According to scriptwriter John Milius, this drain cleaner scene was never meant to be filmed, but was only mentioned in his original script.

Release

Box office 
In the film's opening week, it grossed $6,871,011 from 401 theatres. In the United States, the film made a total of $44,680,473, making it more successful than the first film and the sixth highest-grossing film of 1973.
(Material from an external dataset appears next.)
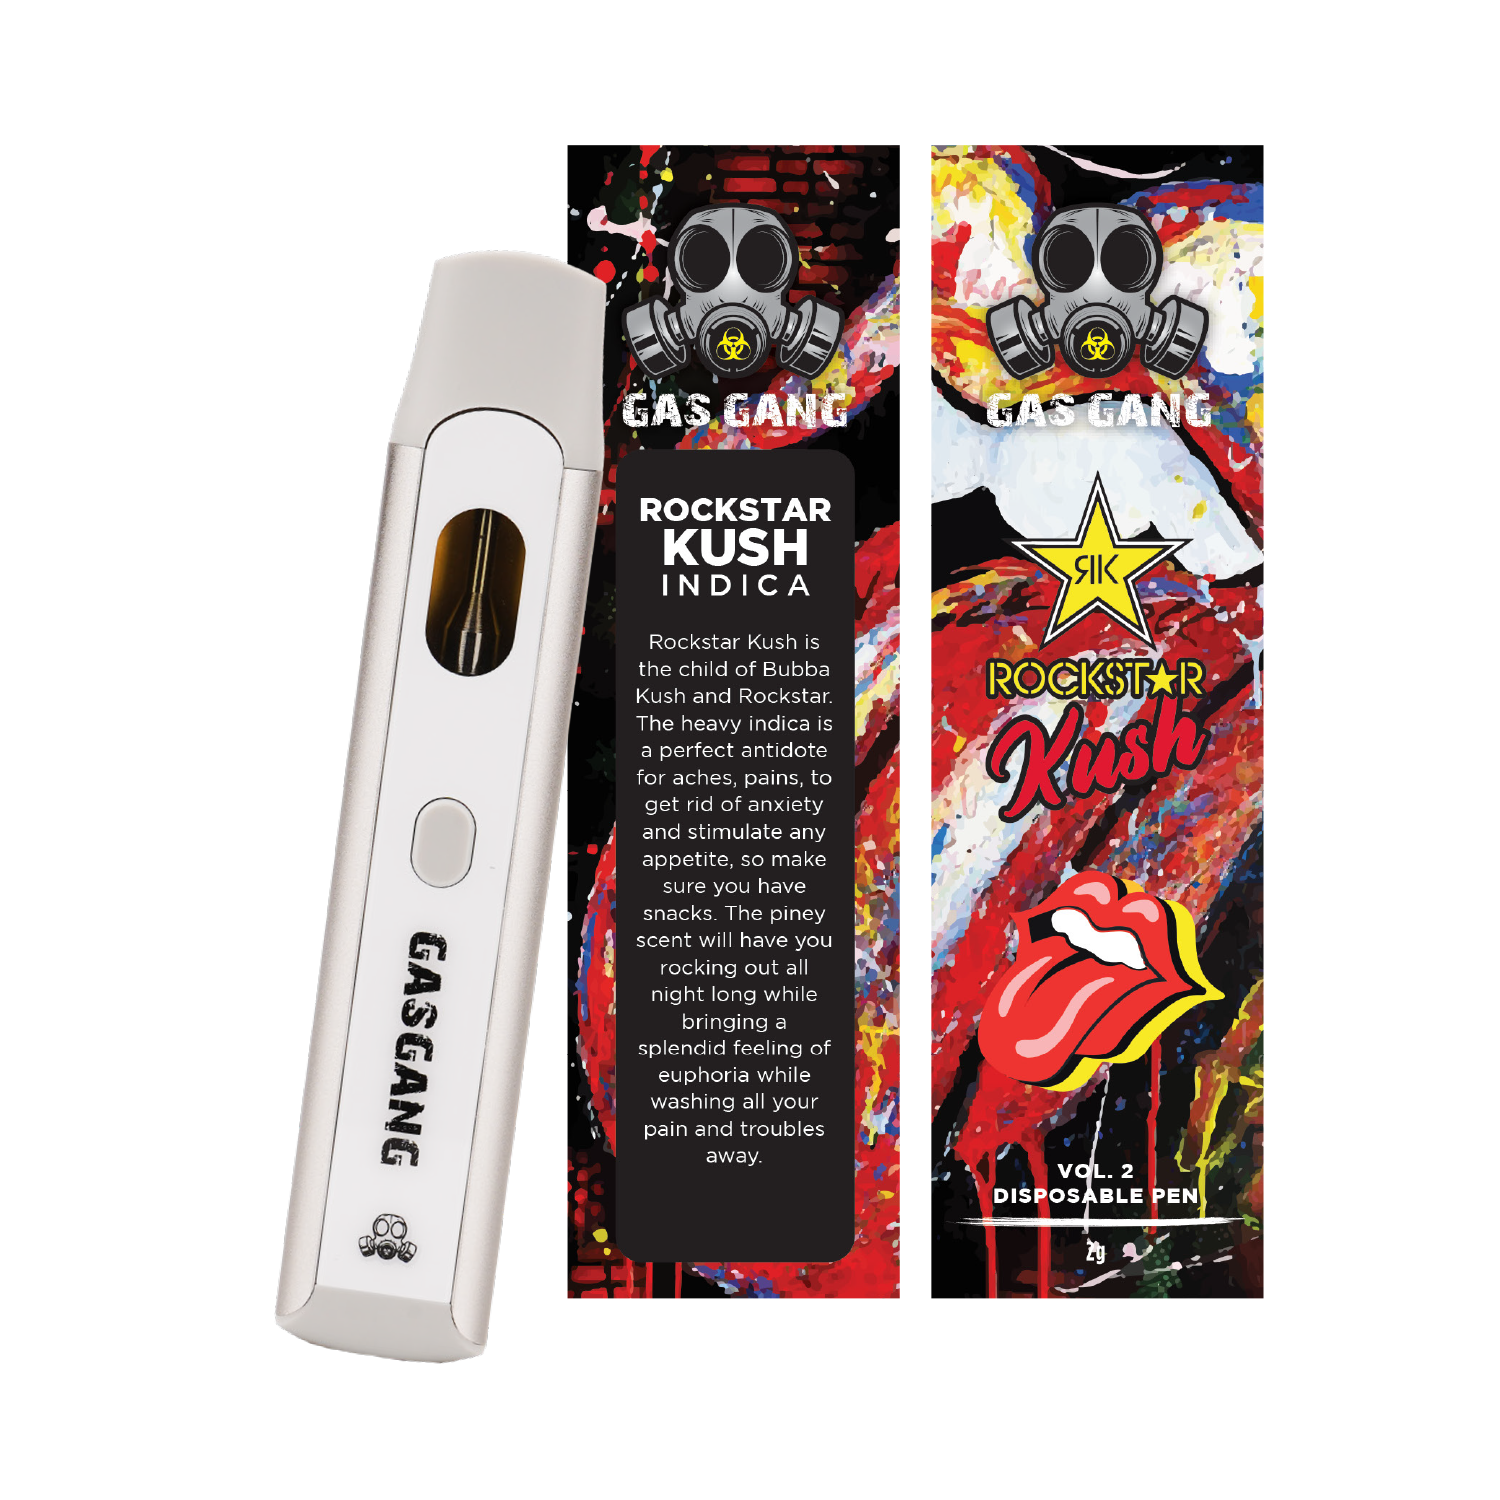 Buy Gas Gang - Rockstar Kush Disposable Pen at BudExpressNOW Online Shop.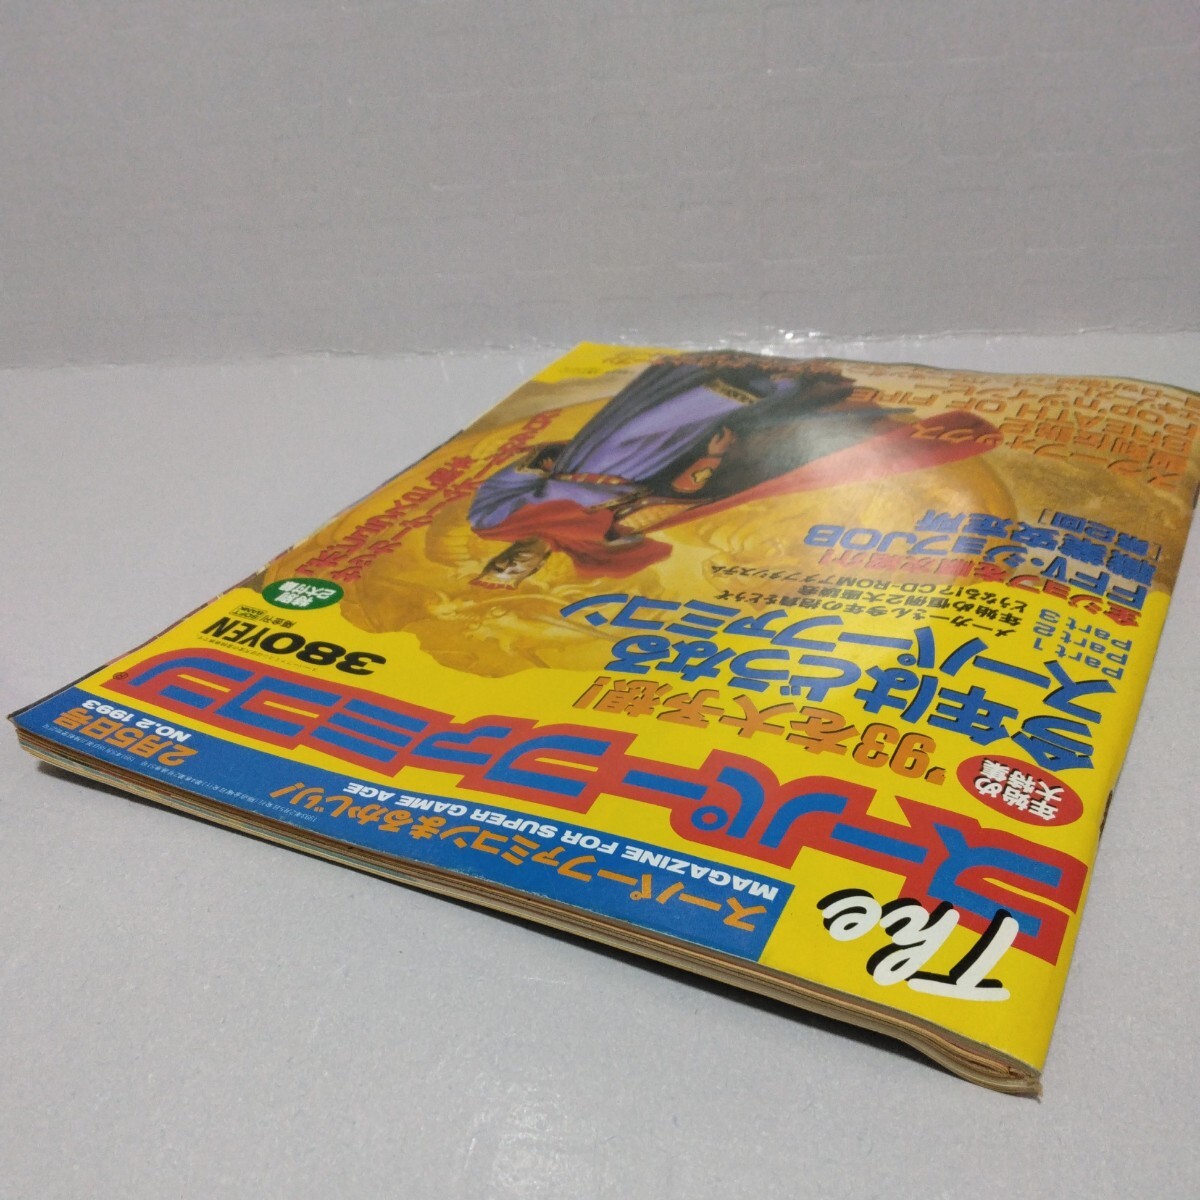 Theスーパーファミコン 1993年2月5日号 NO.2 付録無し_画像3

Theatrical rentals were $19.4 million in the United States and Canada and $9.5 million overseas for a worldwide total of $28.9 million.

Reception 
The New York Times critics such as Nora Sayre criticized the conflicting moral themes of the film, and Frank Rich believed it "was the same old stuff". Gene Siskel of the Chicago Tribune gave the film two-and-a-half stars out of four and wrote, "The problem with Magnum Force is that this new side of Harry—his antivigilantism—is never made believable in the context of his continuing tendency to brandish his .44 magnum revolver as if it were his phallus. The new, 'Clean Harry' doesn't cut it. Some of the film's action sequences do." Kevin Thomas of the Los Angeles Times found the film "too preoccupied in celebrating violence to keep it in focus." Pauline Kael, a harsh critic of Eastwood's for many years, mocked his performance as Dirty Harry, commenting, "He isn't an actor, so one could hardly call him a bad actor. He'd have to do something before we could consider him bad at it. And acting isn't required of him in Magnum Force." Gary Arnold of The Washington Post was positive, praising the film as "an ingenious and exciting crime thriller" with "a less self-righteous message" than the original Dirty Harry. Gary Crowdus wrote in Cinéaste, "We are left with the comforting assurance that when we need him, Harry (and all the cops like him who do the 'dirty' jobs no one else wants) will be there protecting us from the lunatic fringes of both Left and Right. Sure, Harry may be a little trigger-happy, but at least he shoots the right people. The problem, however, one which the film raises but never resolves, is who determines the definition of 'right' people?"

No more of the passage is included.